Consider the following when creating and running containerized workloads.

Container design

When working with containers, the platform polls a readiness probe to decide when a container can receive traffic. Liveness and startup probes are optional but recommended for resilient services.

Practice Why it matters
Implement readinessProbe on every primary container, plus livenessProbe and startupProbe where they help. Readiness gates the transition to running. Liveness restarts wedged-but-still-running containers. Startup gives slow boots more time before the other probes take over. See Container health and readiness.
Tune probe timing for slow-starting Workloads. ProbeConfig defaults are 30 s for initialDelaySeconds, periodSeconds, and timeoutSeconds. Slow-starting containers may need a higher initialDelaySeconds or a dedicated startupProbe.
Right-size resourceAllocation (cpu, memory, gpu) per container. Set on runtime.containerGroups[].containers[].resourceAllocation.
Keep sidecars healthy. Predicates examine every container in the pod, including sidecars. A sidecar in ImagePullBackOff reports the Workload as errored even if the primary container is fine; give sidecars their own readiness probes when they take time to start.

Production hardening

Locked artifacts and explicit governance are the difference between a quick draft and a production deployment. Consider these best practices:

Practice Why it matters
Lock the artifact before serving production traffic. Locked artifacts are immutable and can back unlimited Workloads. Locking is one-way: PATCH /artifacts/{id} with {"status": "locked"} or use POST /workloads/{id}/promote to do it in-place. See Promote to production.
Set importance deliberately on locked Workloads. importance defaults to low; set it explicitly for production Workloads. It is a priority hint the platform uses for resource prioritization and operational triage under cluster contention, and does not affect routing, autoscaling, or QoS guarantees.
Configure autoscaling to match traffic. See Scaling metrics for predefined scalingMetric values and scale-to-zero behavior. Only httpRequestsConcurrency scales replicas to zero when the proton is idle (minCount: 0).
Use resource bundles for Workload-level resource selection. Per-container resourceAllocation (under runtime.containerGroups[].containers[]) declares what each container gets; runtime.containerGroups[].resourceBundles selects a platform bundle for the group. See Runtime settings.

セキュリティ

Container images, secrets, and probe traffic all benefit from sensible defaults.

Practice Why it matters
Pull from private, authenticated registries. The platform pulls images at scheduling time. Public images are fine for evaluation; production Workloads should use registries you control.
Inject secrets through CredentialEnvironmentVariable (DataRobot Credentials), not hardcoded values. Container env vars accept a CredentialEnvironmentVariable entry with source: dr-credential, drCredentialId, and key to look up a value from the DataRobot Credentials service at runtime. Plain StringEnvironmentVariable is fine for non-sensitive configuration; never commit tokens, API keys, or database passwords as string values.
Use scheme: HTTPS on probes when the container terminates TLS internally. ProbeConfig.scheme accepts HTTP (default) or HTTPS. Match the container listener so probes don't fail the handshake before traffic arrives.

トラブルシューティング

When a Workload misbehaves, use the events stream first, then drill into protons and per-replica detail.

Inspect a Workload

The fastest signal is the Workload object itself, then the lifecycle event log.

# Workload-level summary
curl -s "${DATAROBOT_ENDPOINT}/workloads/${WORKLOAD_ID}" \
  -H "Authorization: Bearer ${DATAROBOT_API_TOKEN}" | jq '{status, importance, artifactId, replacement}'

# Lifecycle events: what changed and when
curl -s "${DATAROBOT_ENDPOINT}/workloads/${WORKLOAD_ID}/events" \
  -H "Authorization: Bearer ${DATAROBOT_API_TOKEN}" 

Drill into protons

List the protons backing a Workload to see active and candidate instances and their current status.

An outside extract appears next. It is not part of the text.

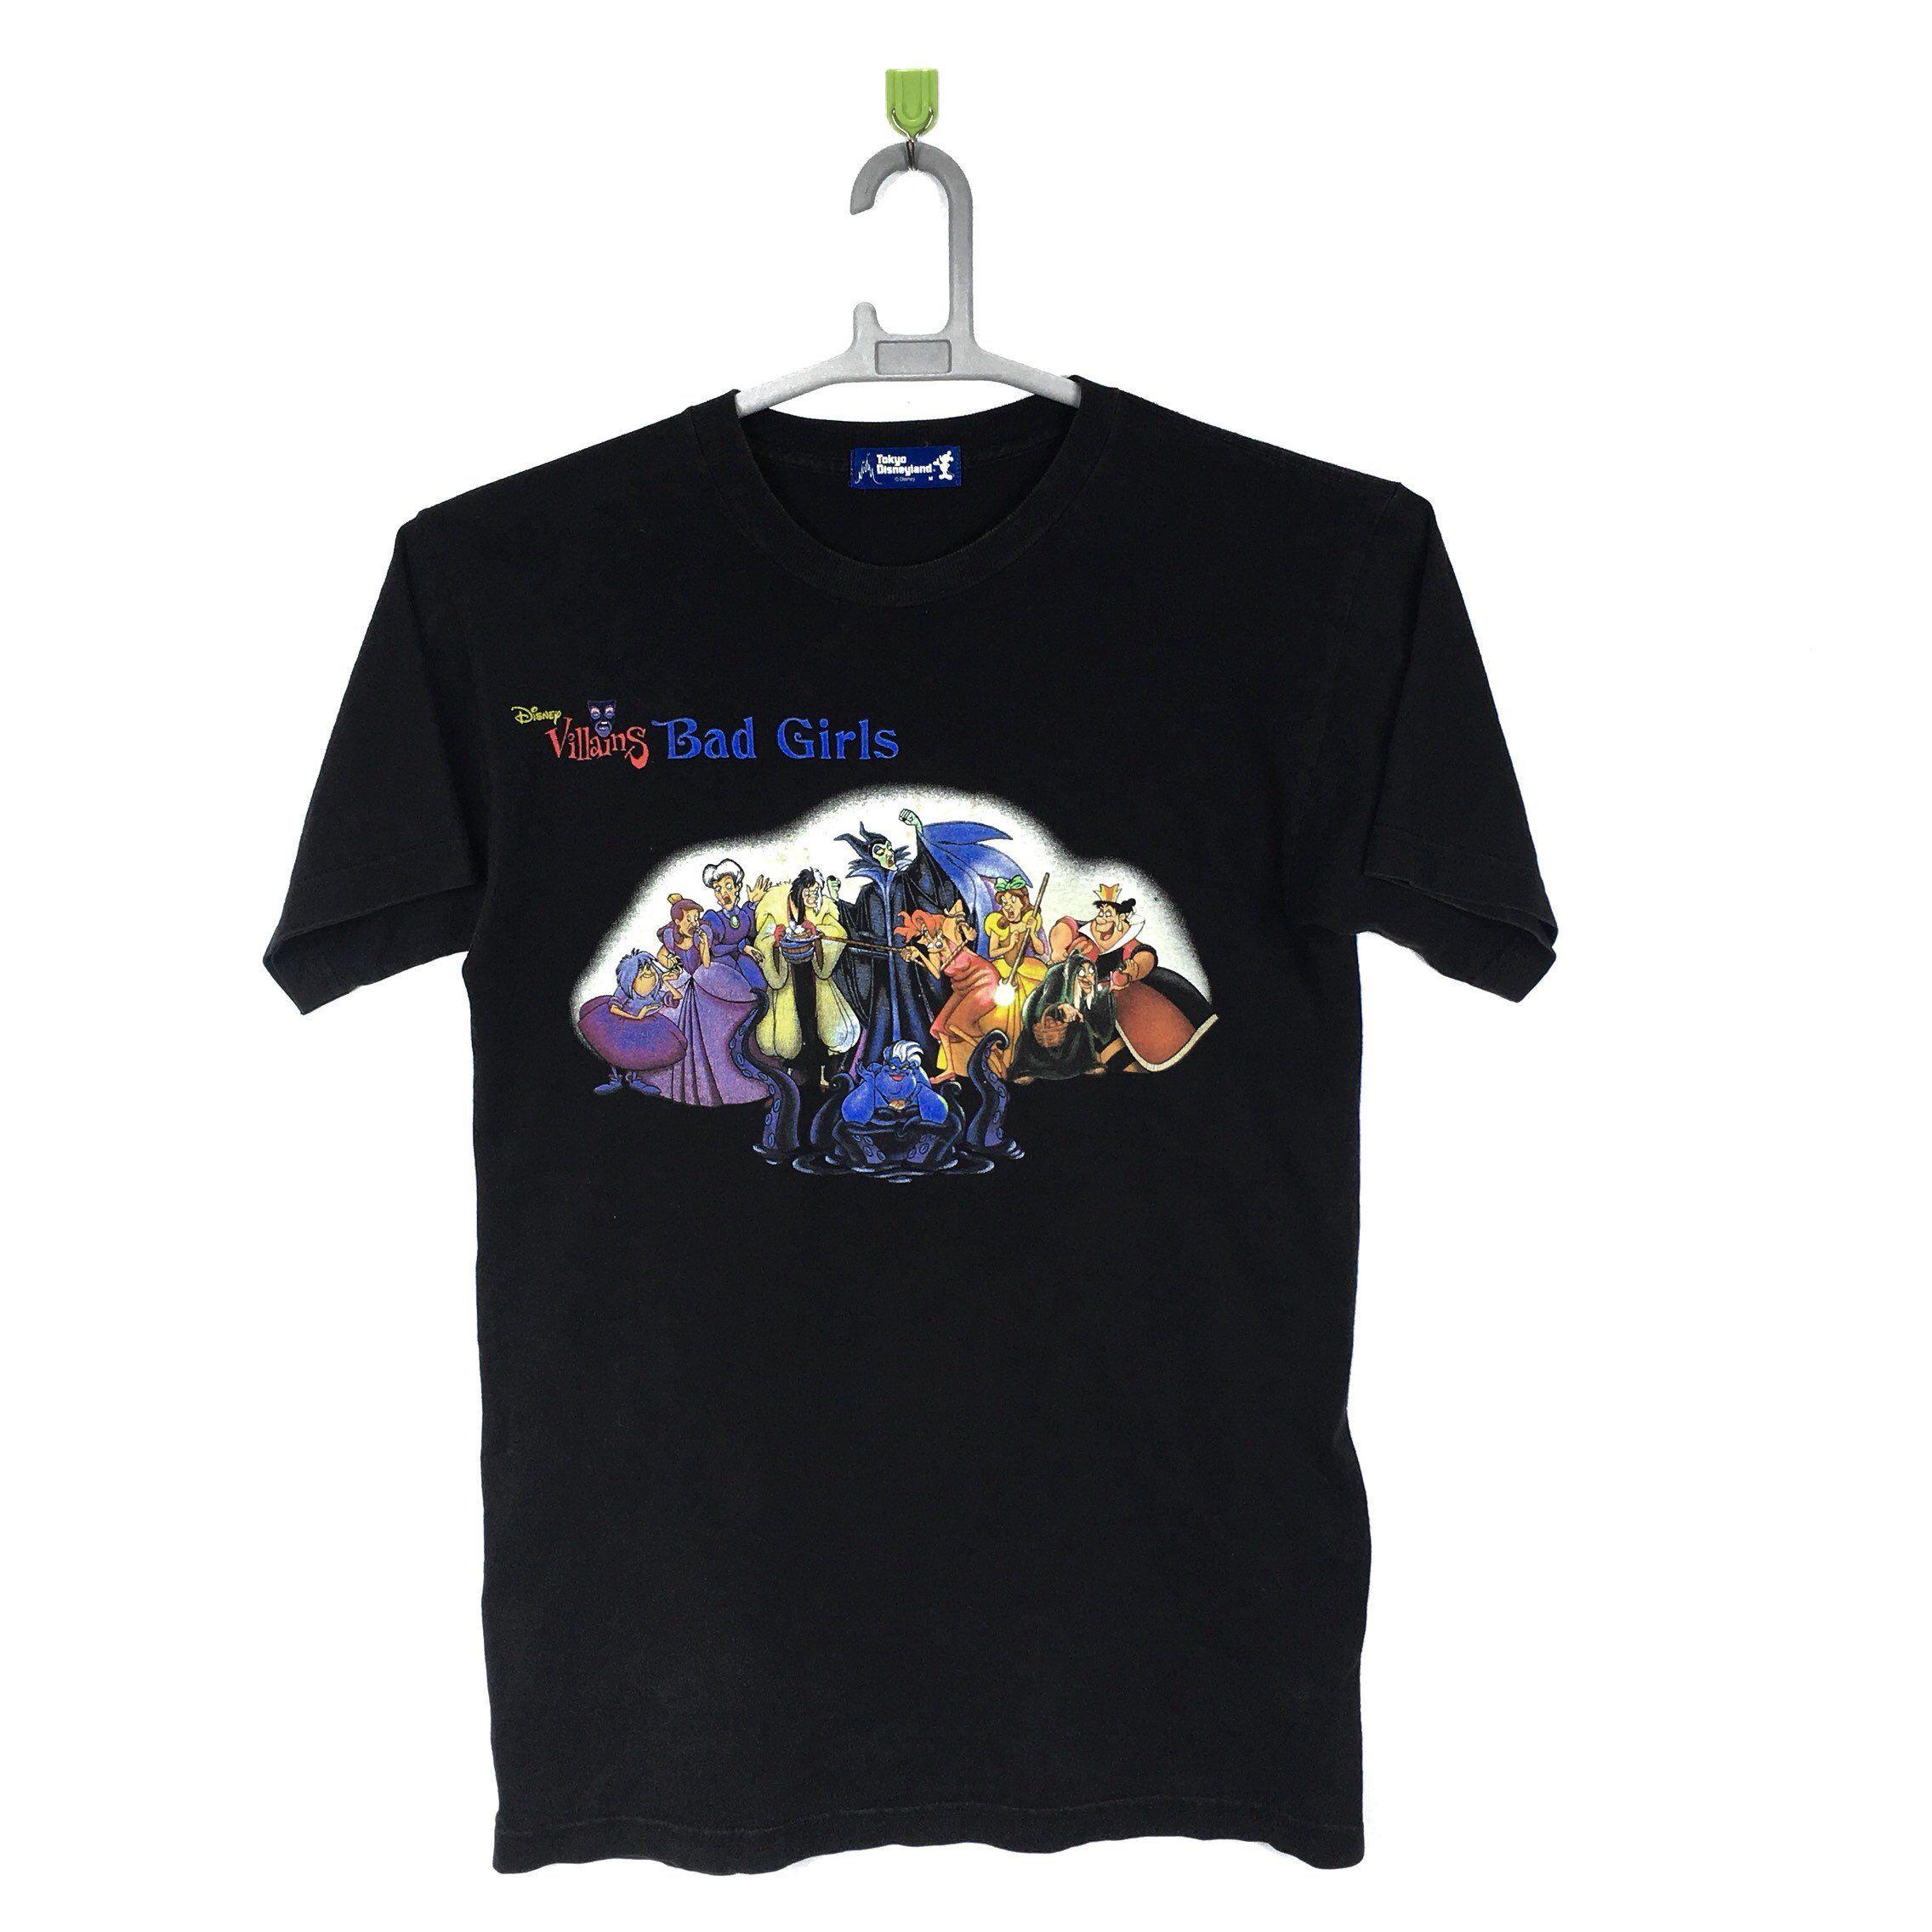 Vintage Disney Villains Bad Girls Character Cartoon T Shirt S Etsy Cartoon T Shirts Vintage Disney T Shirts S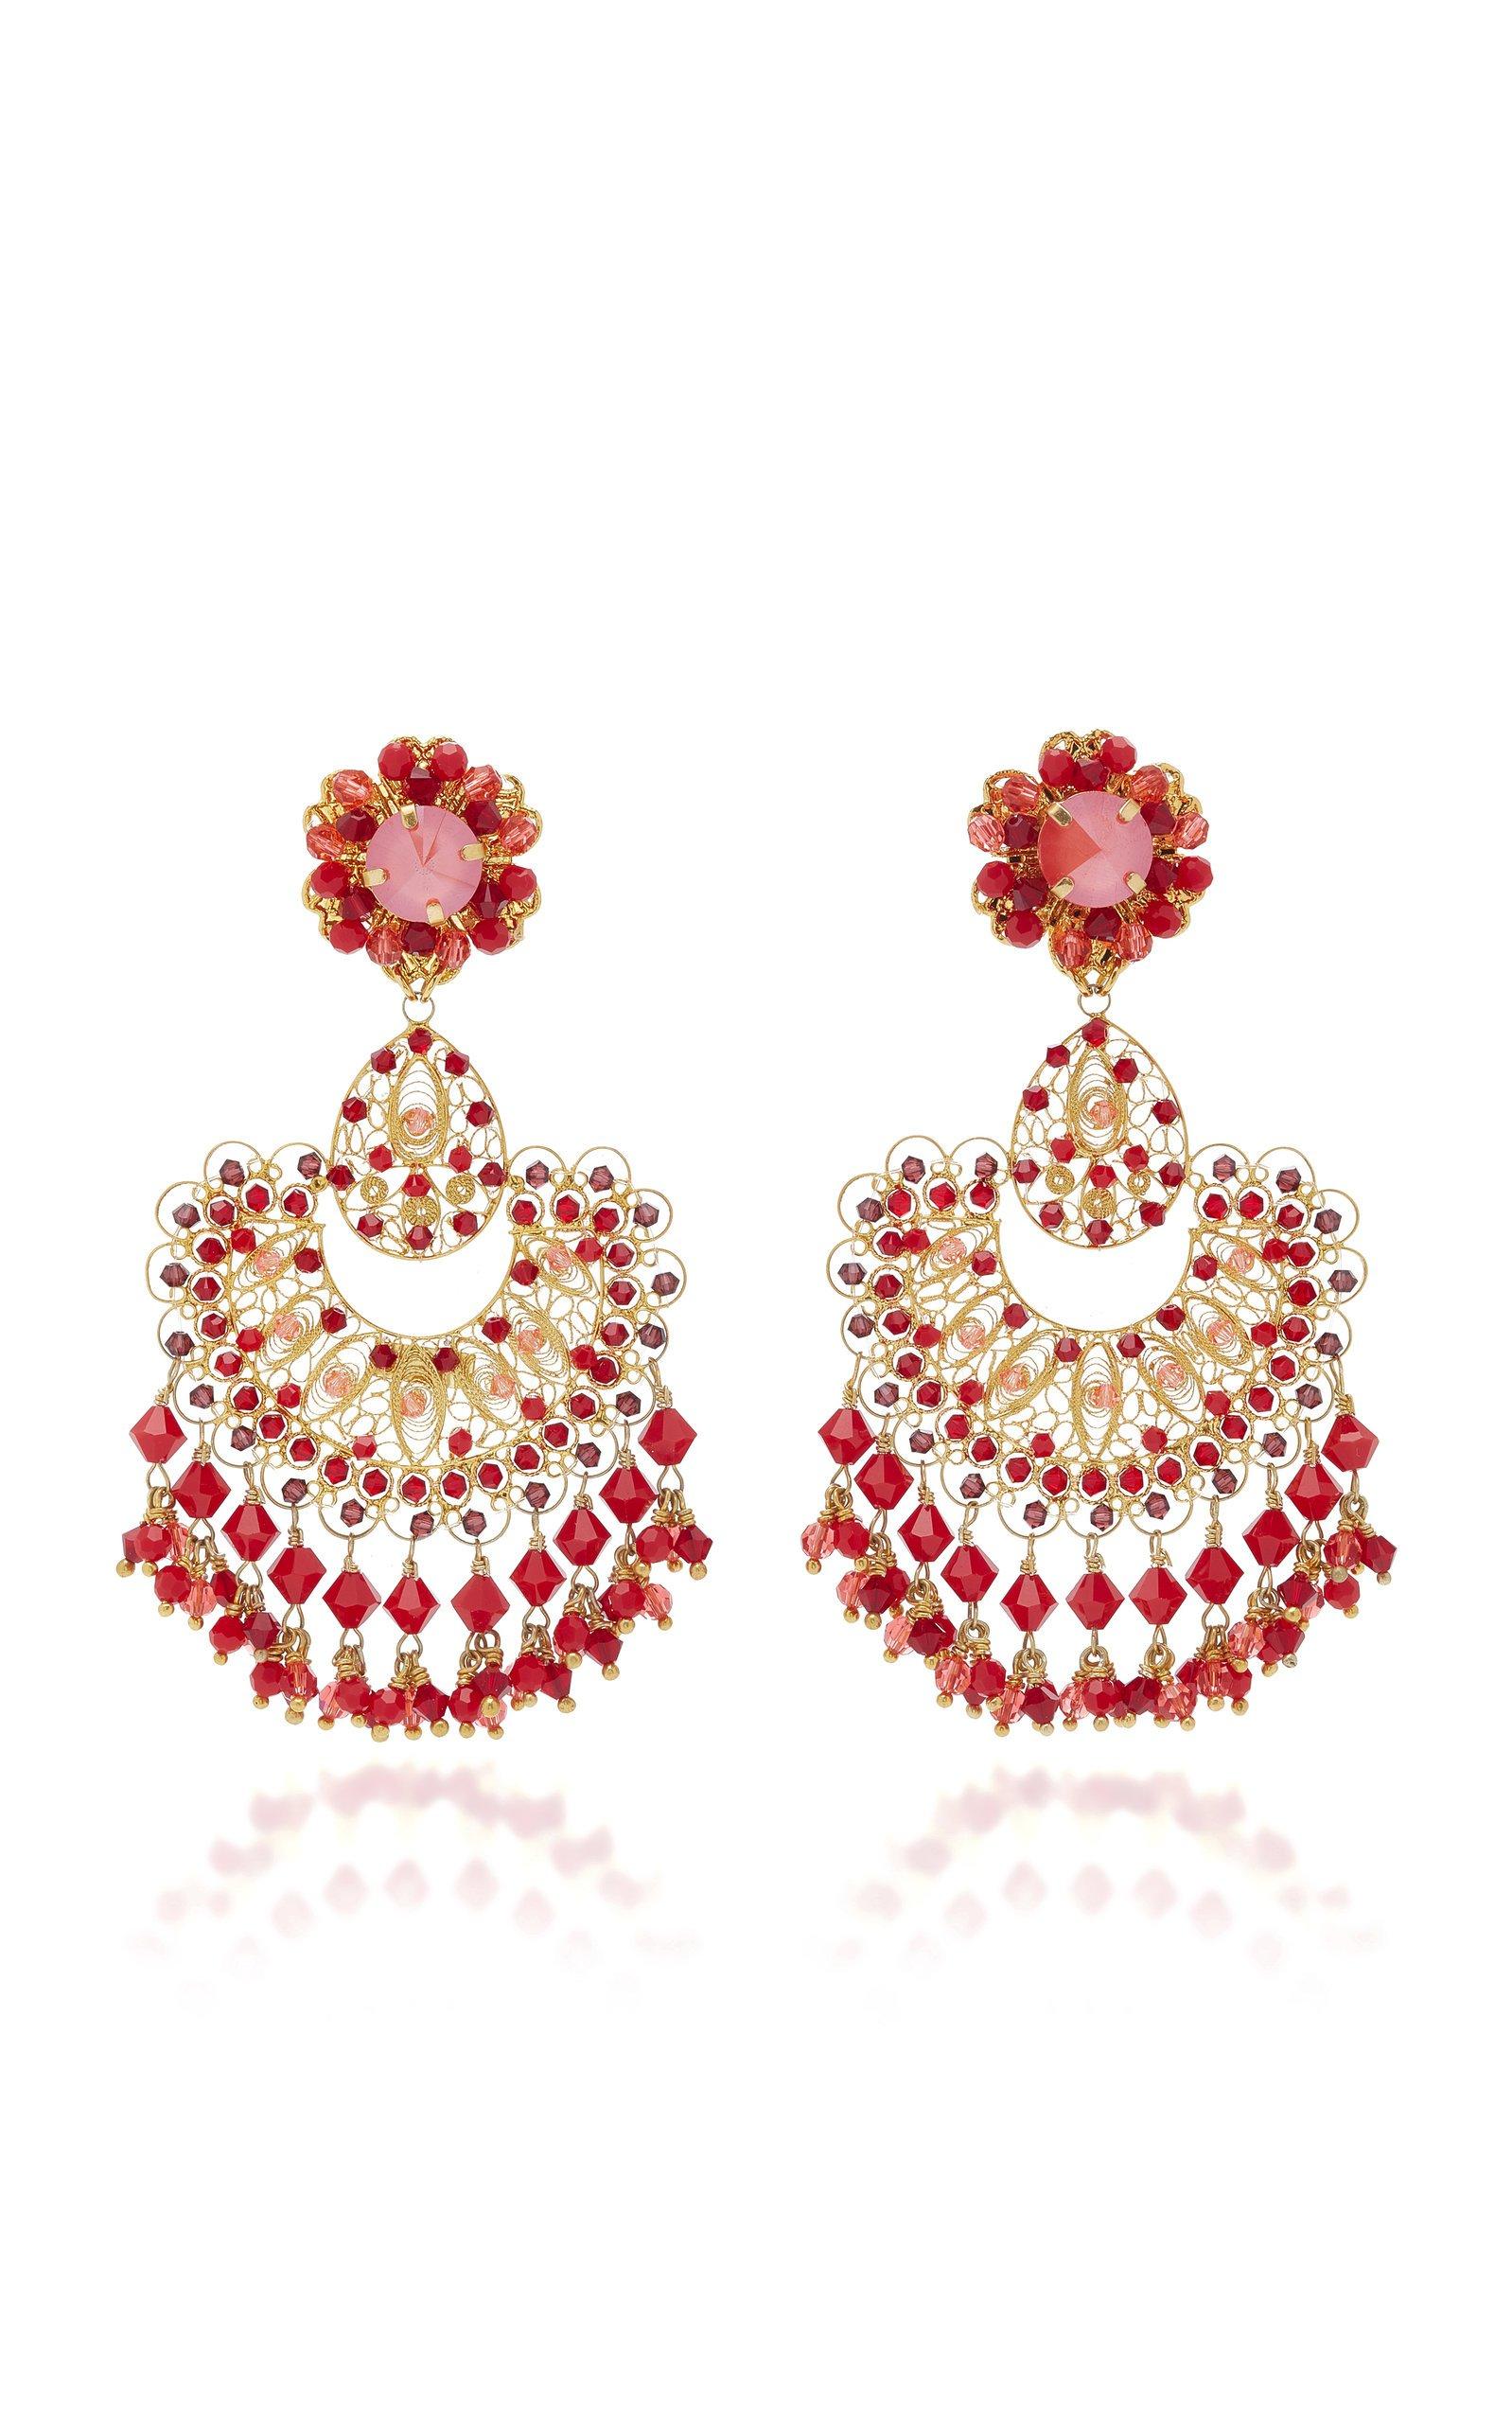 Red Coral Filigree Earring by Silvia Tcherassi   Moda Operandi

curl -s "${DATAROBOT_ENDPOINT}/workloads/${WORKLOAD_ID}/protons" \
  -H "Authorization: Bearer ${DATAROBOT_API_TOKEN}" | jq '.data[] | {id, status, role}' 

For container-level conditions, readiness, restart counts, and the startup logTail, call the per-proton status-details endpoint shown in the next section.

Per-replica readiness

For container-level conditions and pod phase per replica, use the dedicated status-details endpoint. This is where readiness conditions, container restart counts, and per-replica failure reasons live.

curl -s "${DATAROBOT_ENDPOINT}/workloads/${WORKLOAD_ID}/protons/${PROTON_ID}/statusDetails" \
  -H "Authorization: Bearer ${DATAROBOT_API_TOKEN}" \
  | jq '.replicas[] | {name, status, conditions, containers}'| 

A 204 response means no status snapshot has arrived yet; retry shortly.

アプリケーションログ

Container output gives application-level context that complements lifecycle events and per-replica status. stdout and stderr are captured automatically at every lifecycle stage—startup, running, and errored—and surface on the Workload's Activity log > Logs tab. See View Workload logs for how to filter, search, and copy log output.

Workload stuck in launching

If the pod is scheduled but not all containers have passed readiness yet, or cluster resources are still being allocated (provisioning), check these common causes:

原因 確認事項
Wrong readinessProbe.path or non-2xx during warmup Confirm the path returns 2xx when the app is ready and matches the container port.
resourceAllocation exceeds cluster capacity Ensure a node can schedule the pod; watch for long Pending with insufficient CPU, memory, or GPU.
Sidecar still starting without its own probe Add a readiness probe to sidecars that take time to boot so they do not block the primary container from passing readiness.
Long installs or model downloads Raise initialDelaySeconds or add a startupProbe so probes do not fail the Workload early.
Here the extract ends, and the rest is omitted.